@NCCapitol

NC legislative leaders: Don't remove Trump from office

"There's only a few days left in the president's term," House Speaker Tim Moore said Wednesday.

Posted Updated
Speaker of the House Tim Moore, right, and state Rep. Kelly Hastins, left, in Pennsylvania shortly after the November 2020 elections.
By
Travis Fain
, WRAL statehouse reporter
RALEIGH, N.C. — Top Republican leaders in the North Carolina General Assembly say President Donald Trump shouldn't be removed from office.

"There's only a few days left in the president's term," House Speaker Tim Moore told reporters Wednesday. "If we go down this road, it's only going to, again, further inflame passions and divide the country."

Senate President Pro Tem Phil Berger said much the same thing in a statement last week, after Gov. Roy Cooper, a Democrat, said the president should resign or be removed.

“The U.S. Constitution designates Jan. 20 as the date when power peacefully transfers," Berger, R-Rockingham, said. "After the tumult of the past 24 hours, we should take care to lower the temperature, not raise it through actions that will cause yet more division.”

The U.S. House of Representatives voted Wednesday to impeach the president. Ten Republicans sided with the Democratic majority on the vote. None of North Carolina's Republican members supported impeachment, but all North Carolina Democrats voted for it.

Berger and Moore condemned last week's violence at the U.S. Capitol and said those involved should be arrested and prosecuted. Moore, R-Cleveland, who was asked several questions on the issue Wednesday as the state legislature got back underway, said this has "been a wake-up call to a lot of people that we can and we have to do better."

Asked specifically about the president's rhetoric in the lead-up to the attack, Moore said elected officials "have a duty to always be mindful of what we're saying and be truthful to the people."

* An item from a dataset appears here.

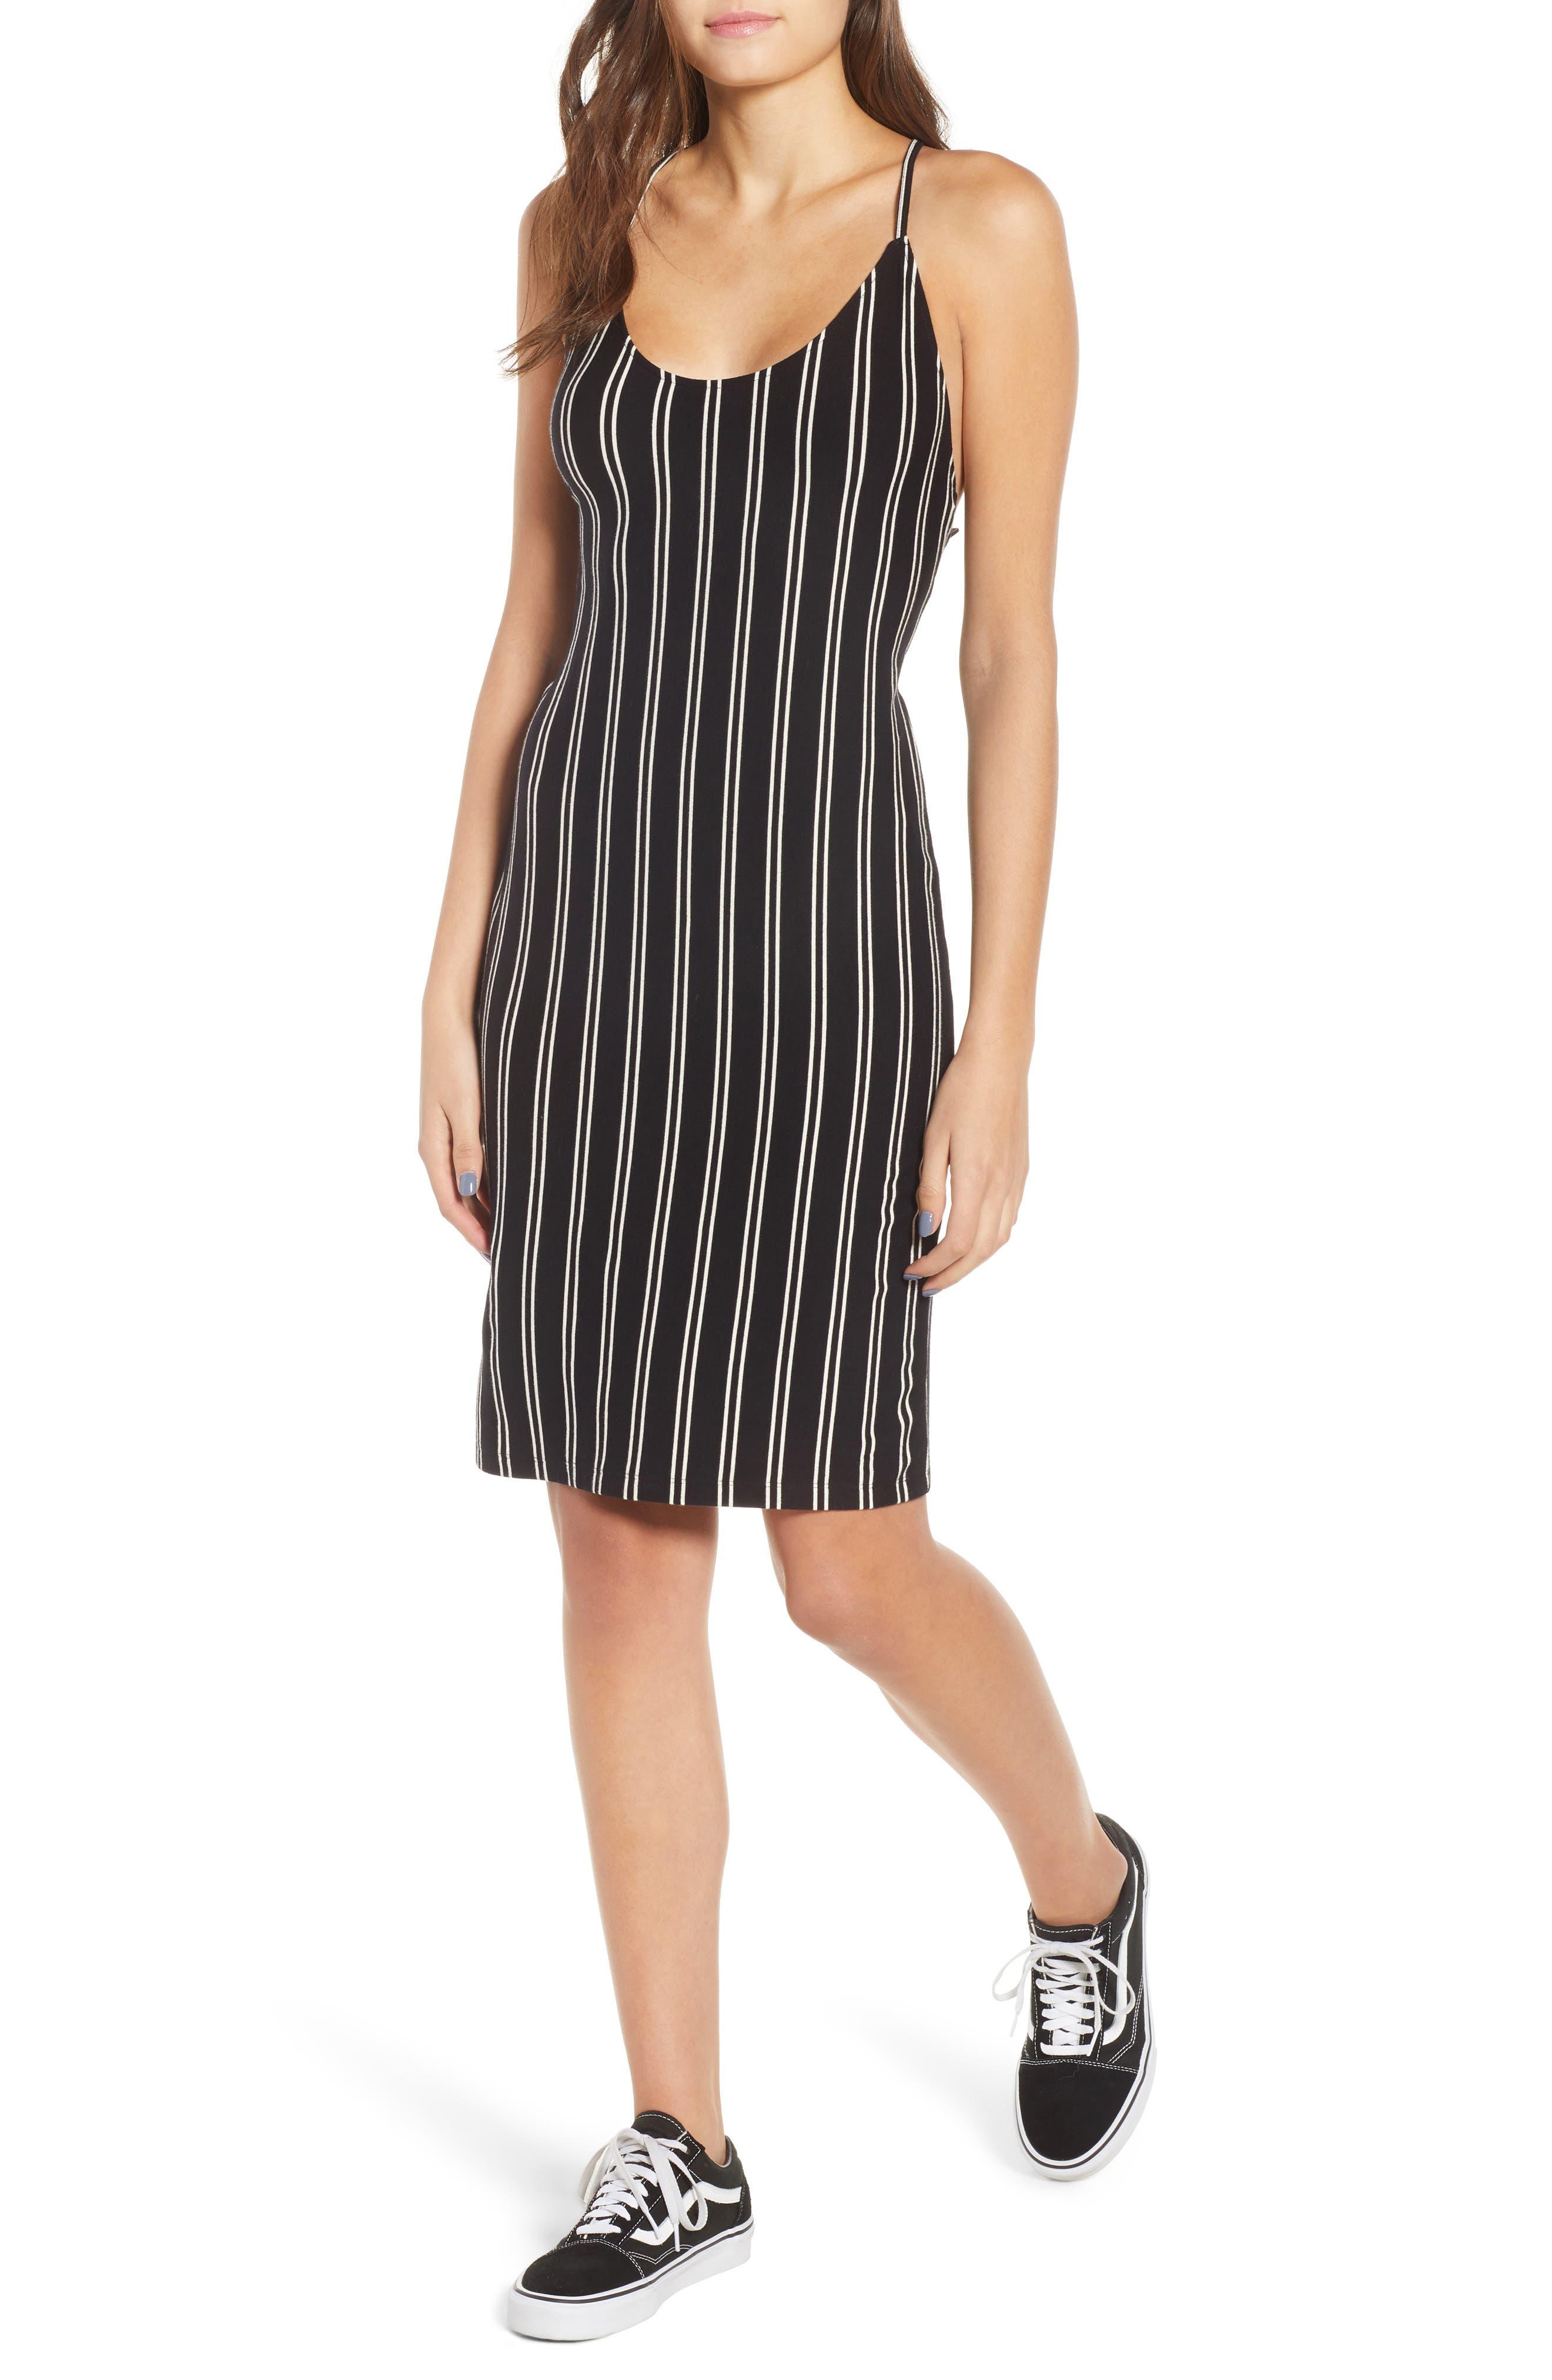 Lockette Strappy Striped Dress,                             Main thumbnail 1, color,                             Jet Black Multi

Moore traveled to Philadelphia shortly after the presidential election to check in on Republican efforts there to investigate allegations of fraud. He posted pictures to social media from the trip with Rep. Kelly Hastings, R-Gaston.

In one of them, Hastings is holding a "Stop the Steal" sign, and the two men are outside a door labeled, in large hand-written letters, "Fraud Squad." In more recent days, Democrats have passed the picture around on social media, calling for Moore to be held accountable for his own rhetoric.

The speaker, who is also an attorney, said he went to Pennsylvania to review fraud claims there.

"At the end of it, my conclusion was that they couldn't prove (it)," he said Wednesday. "After that visit there, you didn't see me say anything else about it."

Asked whether he regretted anything he or of his fellow Republicans in the North Carolina House said about the election or whether rank-and-file Republicans bear any responsibility for inciting the riot at the Capitol, Moore replied "absolutely not."

"But I do think we need to put blame where it goes," he said. "There were people there, they did wrong, and they need to be held accountable for what they did. You're not going to ever hear me defend somebody who did that."

Berger, in his statement last week, said this principle holds for mayhem, regardless of the political cause.

"Rioting, looting and destroying property is unacceptable under any circumstances," Berger said in his statement, which WRAL News requested after the governor called for Trump's removal. "It was unacceptable at the federal courthouse in Portland, [Ore.,] where violent extremists also targeted law enforcement officers; it was unacceptable in downtown Raleigh, where businesses and government property were destroyed; and it’s especially contemptible at the seat of the people’s government in Washington with Congressional business underway."